§ **Task to complete**: Restate the data word for word. Leave the pictures out.
##### Dataset excerpt #####
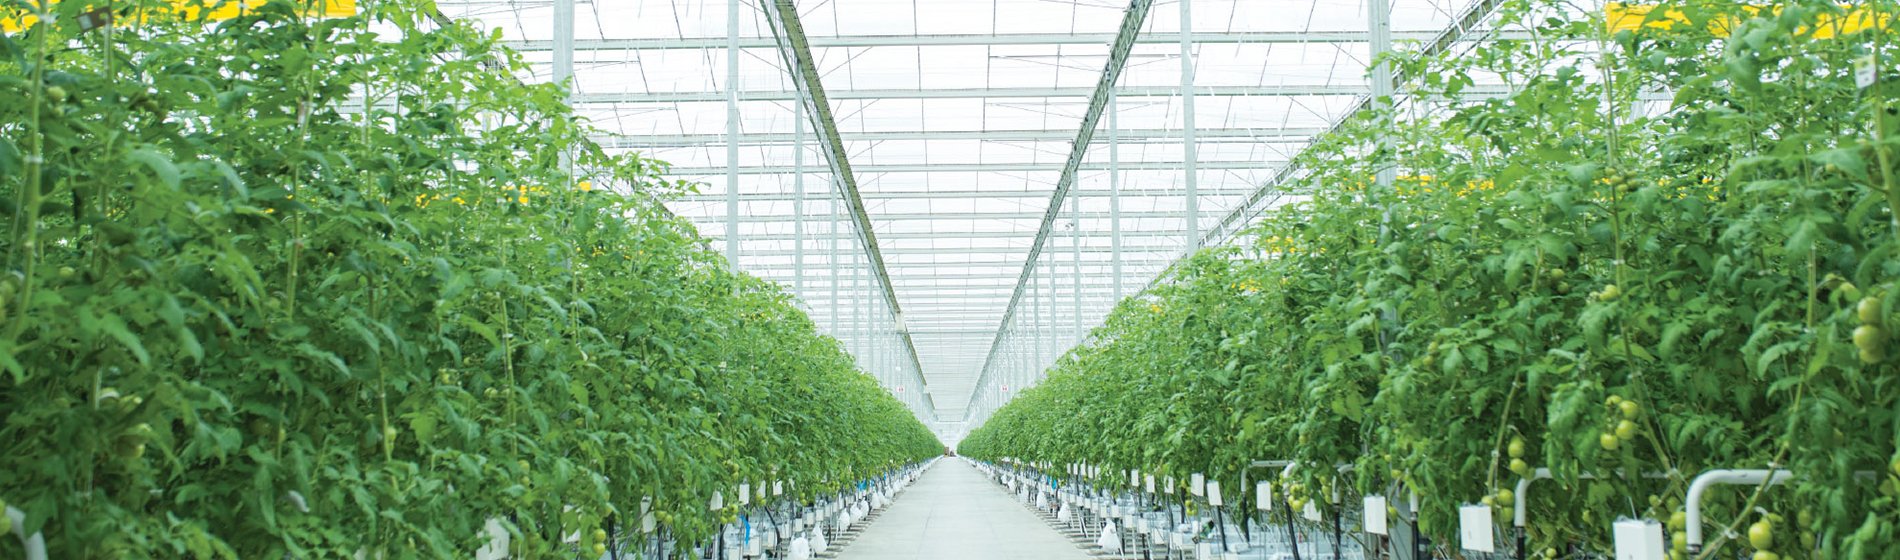 Rows of tomato plants growing in a greenhouse
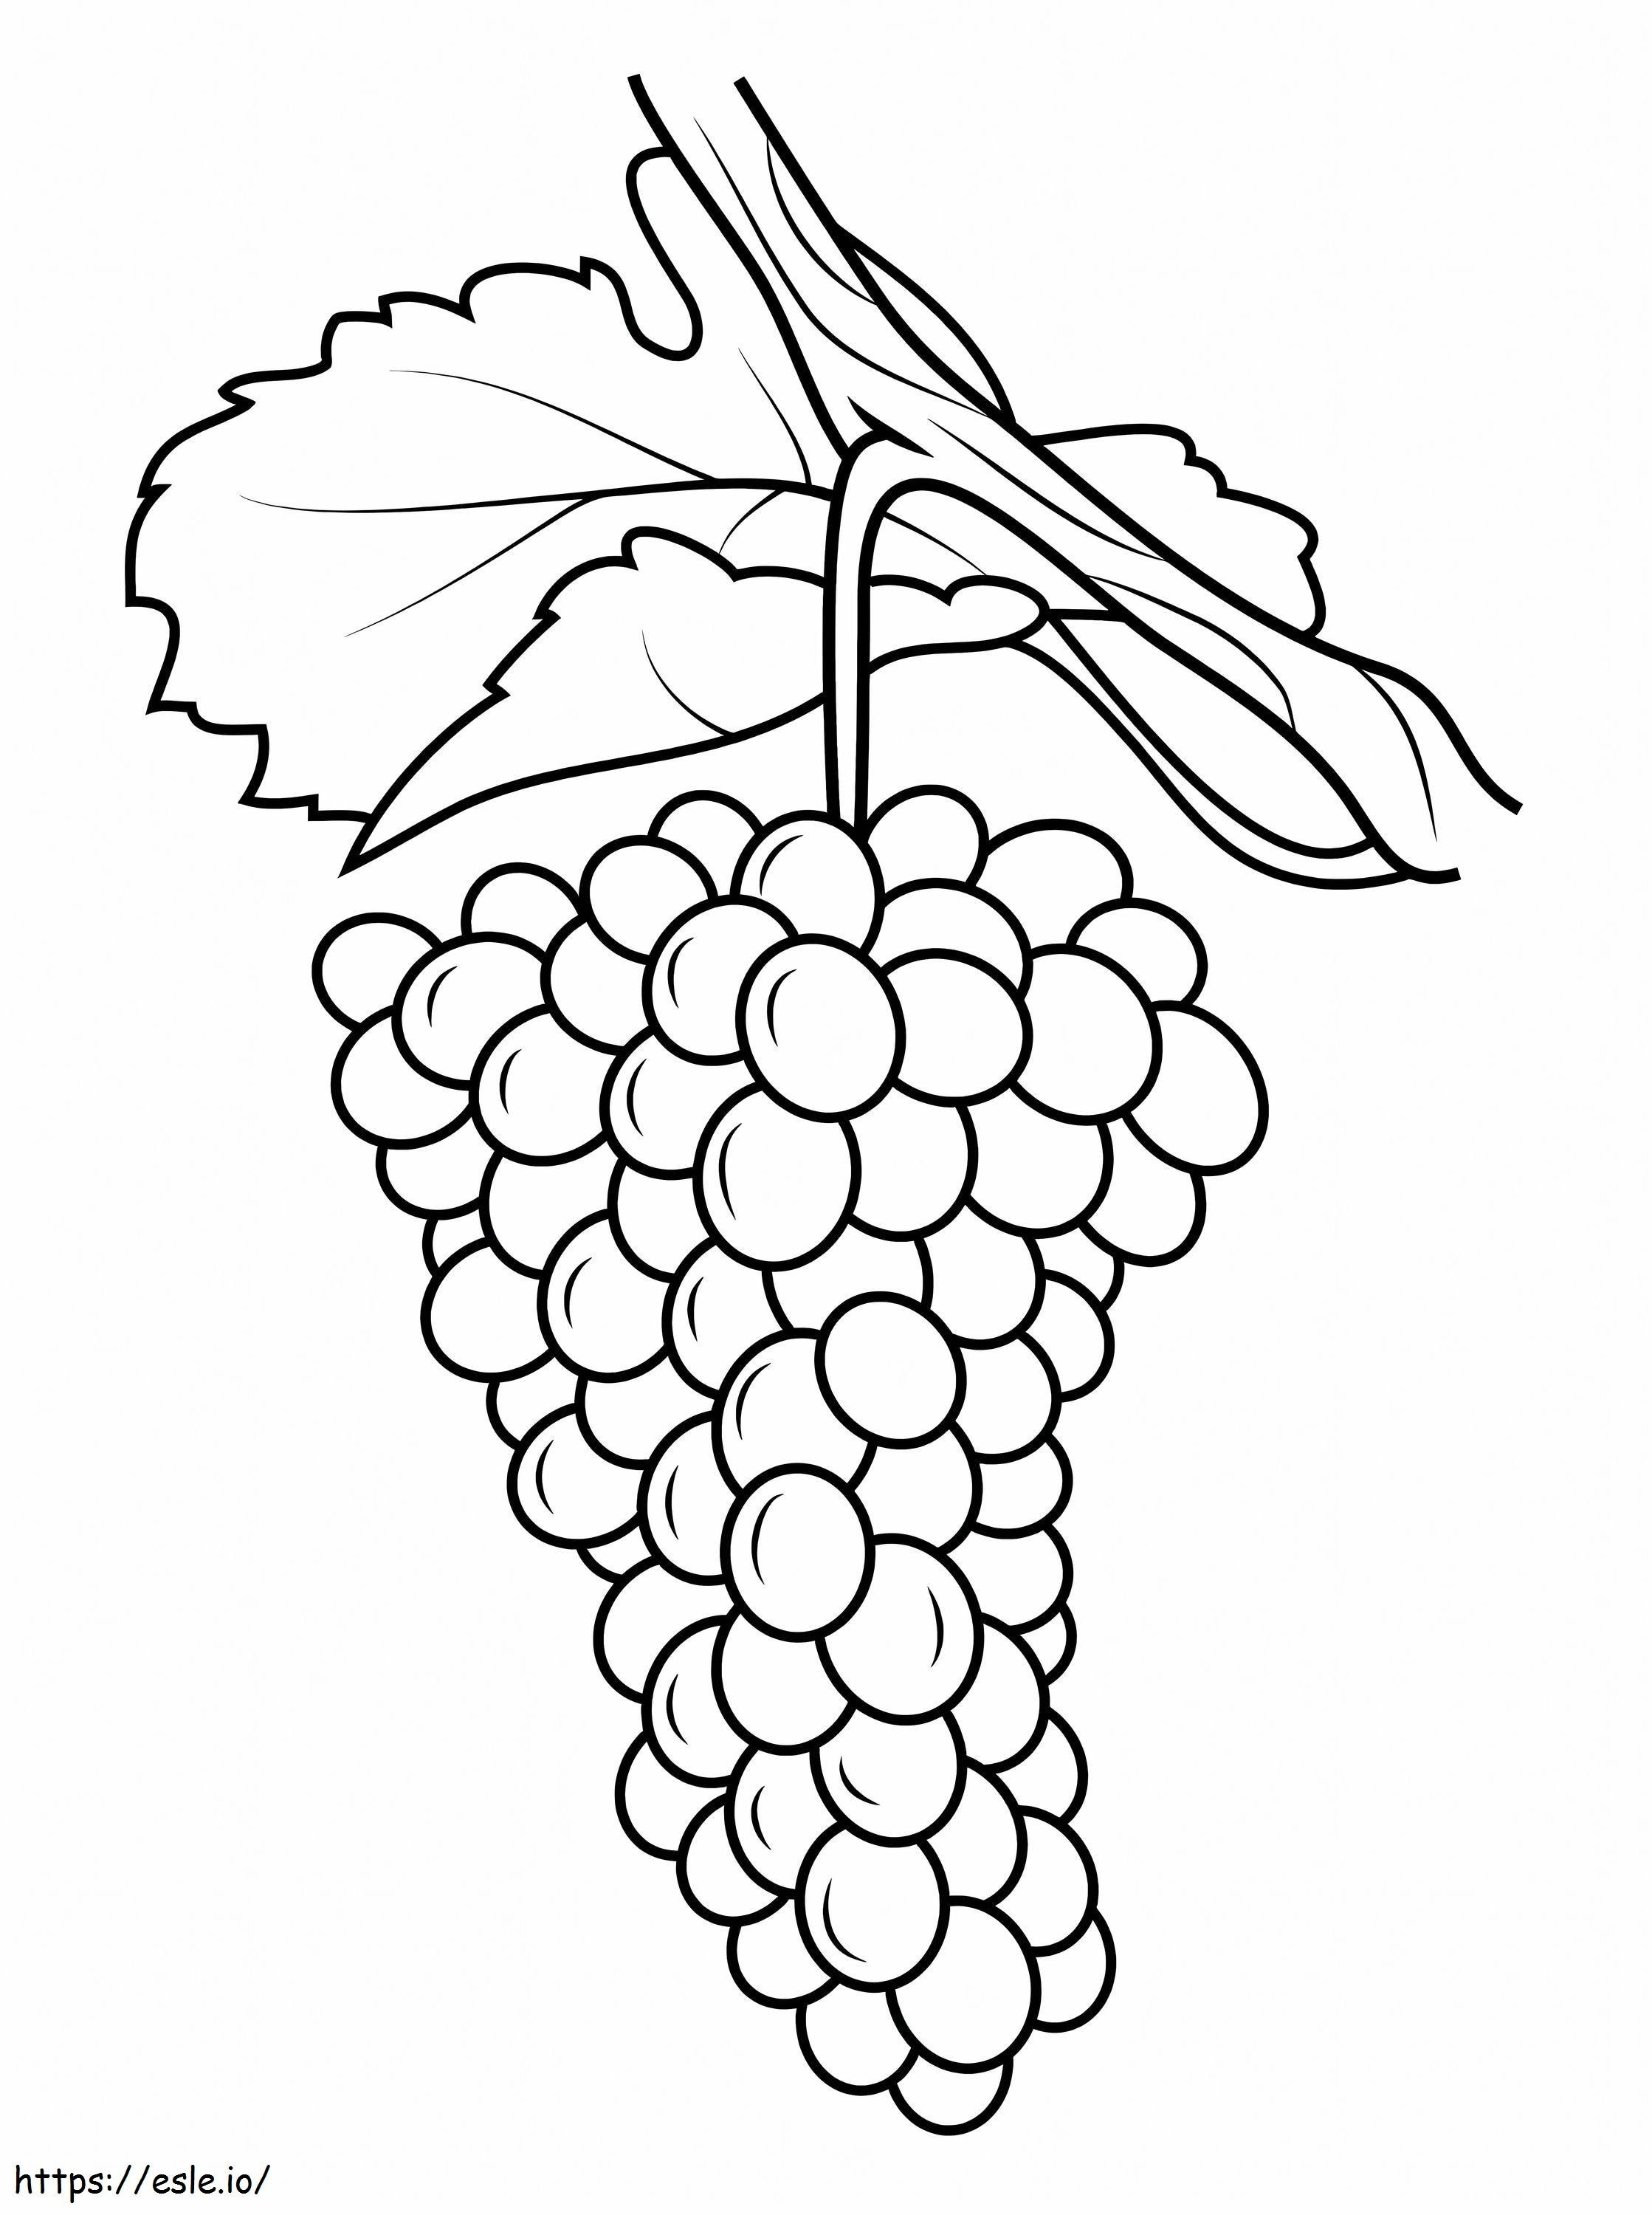 Amazing Grapes coloring page
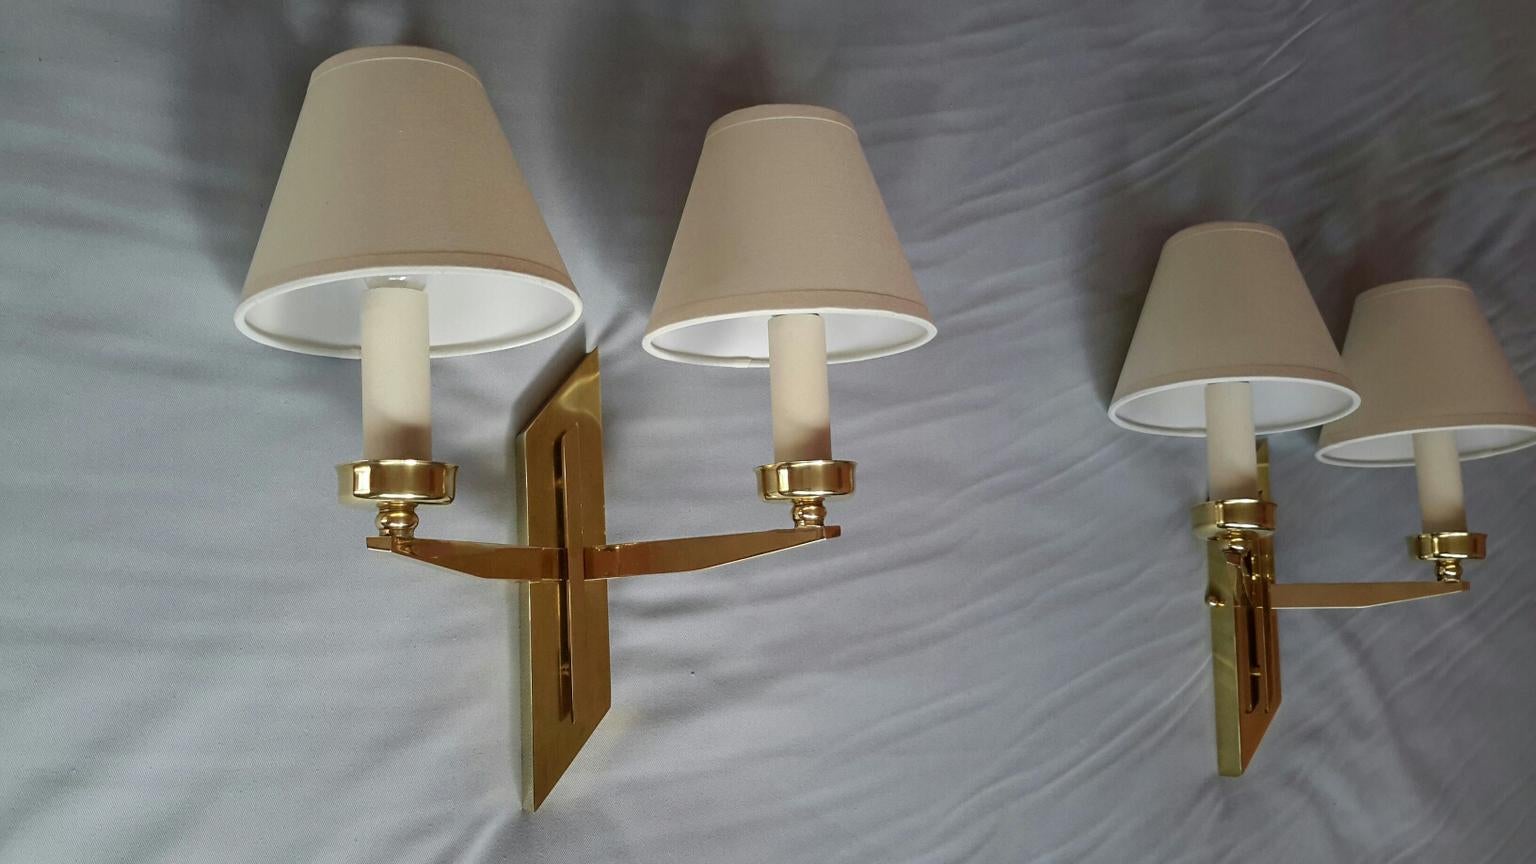 Very elegant pair of French Mid-Century Modern double arm sconces, 1950s in gilded bronze with white cotton shades by Maison LUNEL.
The sconces are in perfect condition, the new wiring fits the US standards. The White cotton shades are
#####
§ **Final answer**:
 Rows of tomato plants growing in a greenhouse
 Amazing Grapes coloring page
 Very elegant pair of French Mid-Century Modern double arm sconces, 1950s in gilded bronze with white cotton shades by Maison LUNEL.
The sconces are in perfect condition, the new wiring fits the US standards. The White cotton shades are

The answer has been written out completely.